British Satellite Broadcasting plc
- Industry: Media
- Founded: 11 December 1986
- Defunct: 2 November 1990
- Fate: Merged with Sky Television to form BSkyB
- Successor: British Sky Broadcasting
- Headquarters: Marco Polo House, London, England
- Products: Pay TV services and programming

= British Satellite Broadcasting =

Former British satellite television company (1986–1990)

British Satellite Broadcasting plc (BSB) was a short-lived television company, based in London, that provided direct broadcast satellite television services to the United Kingdom. It started broadcasting on 25 March 1990. The company was merged with competing company Sky Television plc on 2 November 1990 to form British Sky Broadcasting.

==Development==
In January 1977, the World Administrative Radio Conference assigned each country five high-powered direct broadcast by satellite channels for domestic use. In 1982, after being awarded two of the channels, the BBC proposed its own satellite service, but the government imposed two conditions on it:
- Use of a satellite built by United Satellite, a consortium of British Aerospace and Matra Marconi Space (now Airbus Defense and Space), with costs estimated at £24 million per year.
- A supplementary charter was agreed in May 1983 which allowed the BBC to borrow up to £225 million to cover the cost of the project, as it was not allowed to call on public funds, nor use existing sources of revenue to fund the project.

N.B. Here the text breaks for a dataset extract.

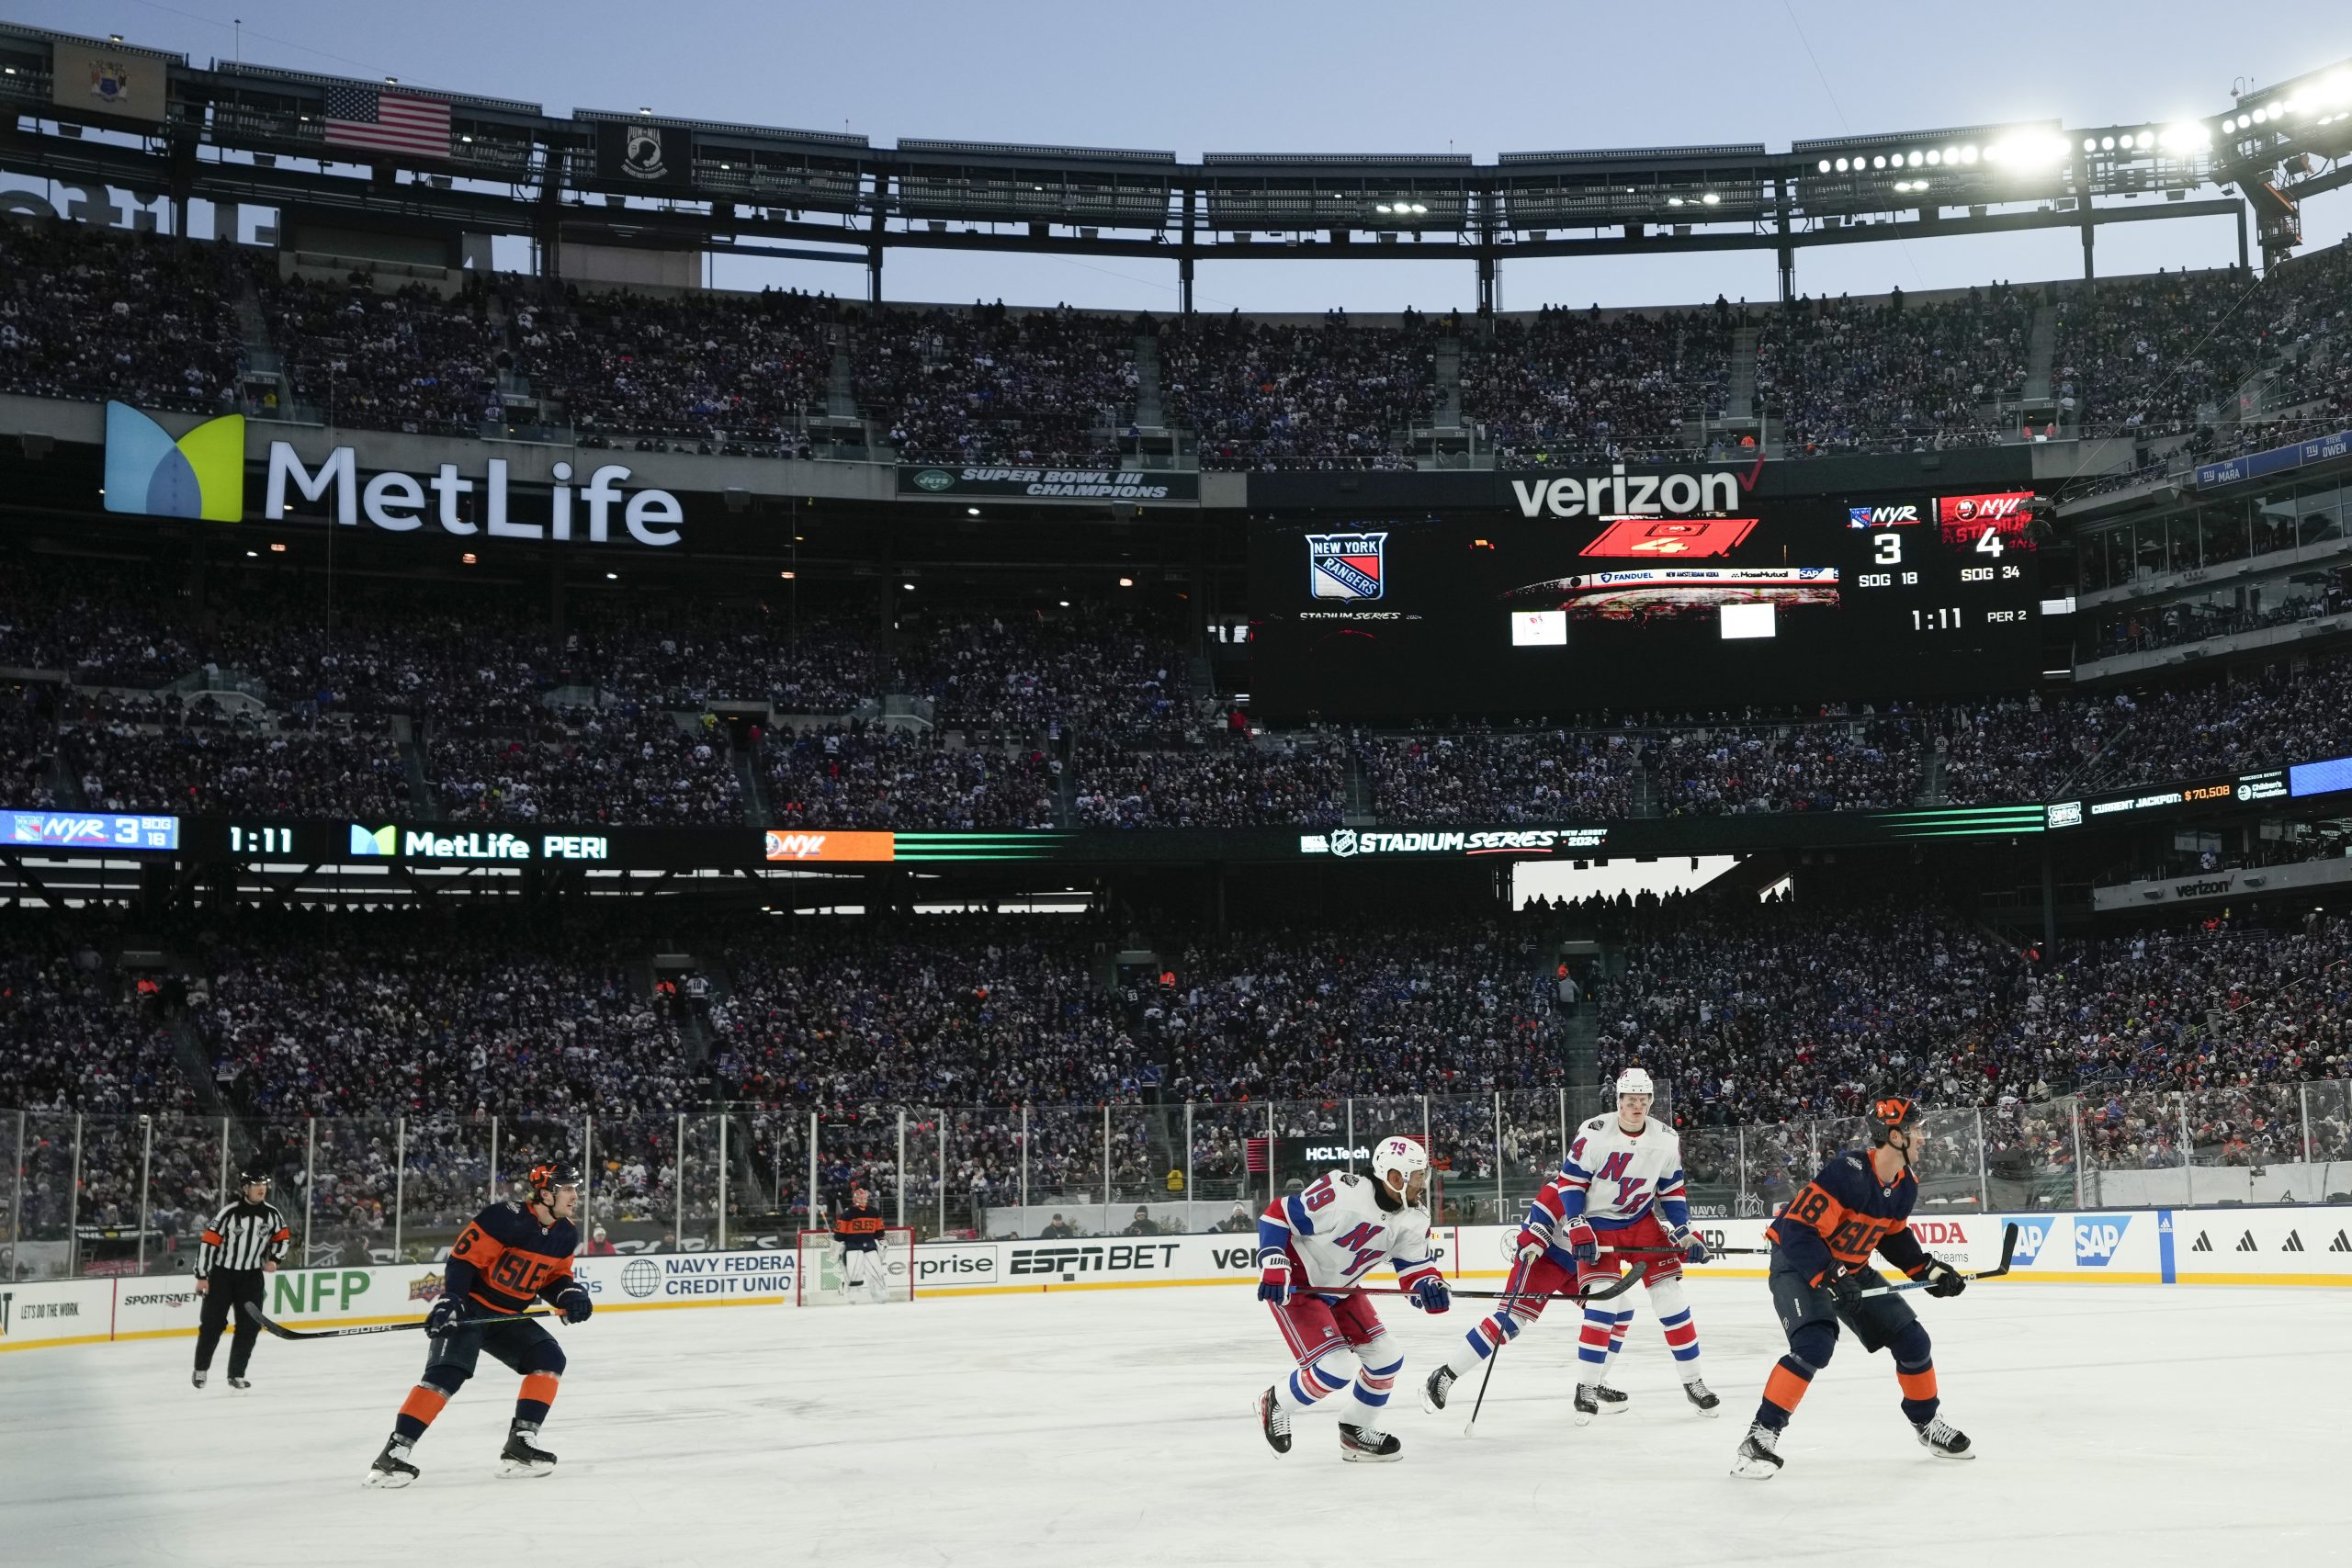 Eishockey im Met Life Football Stadion vor 70.000 Leuten – NY Rangers gewinnen gegen Lokalrivalen NY Islanders 6:5 in außergewöhnlichem Spiel

During Autumn 1983, the cost of Unisat was found to be greatly underestimated and the new Home Secretary announced the three remaining channels would be given to the Independent Broadcasting Authority (IBA) to allow the private sector to compete against the BBC in satellite broadcasting. Within a few months, the BBC started talking with the IBA about a joint project to help cover the cost. Subsequently, the government allowed the IBA to bring in private companies to help cover the costs (dubbed as the "Club of 21"):
- BBC – 50%
- ITV franchises – 30%
- Virgin/Thorn EMI/Granada TV Rental/Pearson Longman and Consolidated Satellite Broadcasting – 20%

Within a year, the consortium made it clear that the original launch date of 1986 would be delayed to 1989, while also asking the government to allow it to tender out the building of the new satellite system to help reduce cost. On 15 June 1985, the project failed when consortium concluded that the cost of set-up was not justifiable. The BBC stated the costs were prohibitive because the government insisted that the "Club of 21" should pay for the costs of constructing and launching a dedicated satellite.

===IBA satellite franchise===
On 2 April 1986, the IBA convinced the Home Secretary to revive the DBS project but under different conditions, broadly based on a report drawn up by John Jackson, by inviting the private-sector companies to apply for a new television franchise via satellite to provide a commercial service on the IBA's three DBS channels (of the five in total allocated to the United Kingdom). One of the conditions imposed on applicants by the IBA was that they use a new untried transmission standard, D-MAC. This was part of the European Communities' support for the HD-MAC high-definition television standard which was being developed by Philips and other European companies. The technology was still at the laboratory stage and was incompatible with previous standards: HD-MAC transmissions could not be received by existing television sets which used PAL or SECAM standards. The condition to use a high-power (230 watt) satellite was dropped, and no winner was precluded from buying a foreign satellite system.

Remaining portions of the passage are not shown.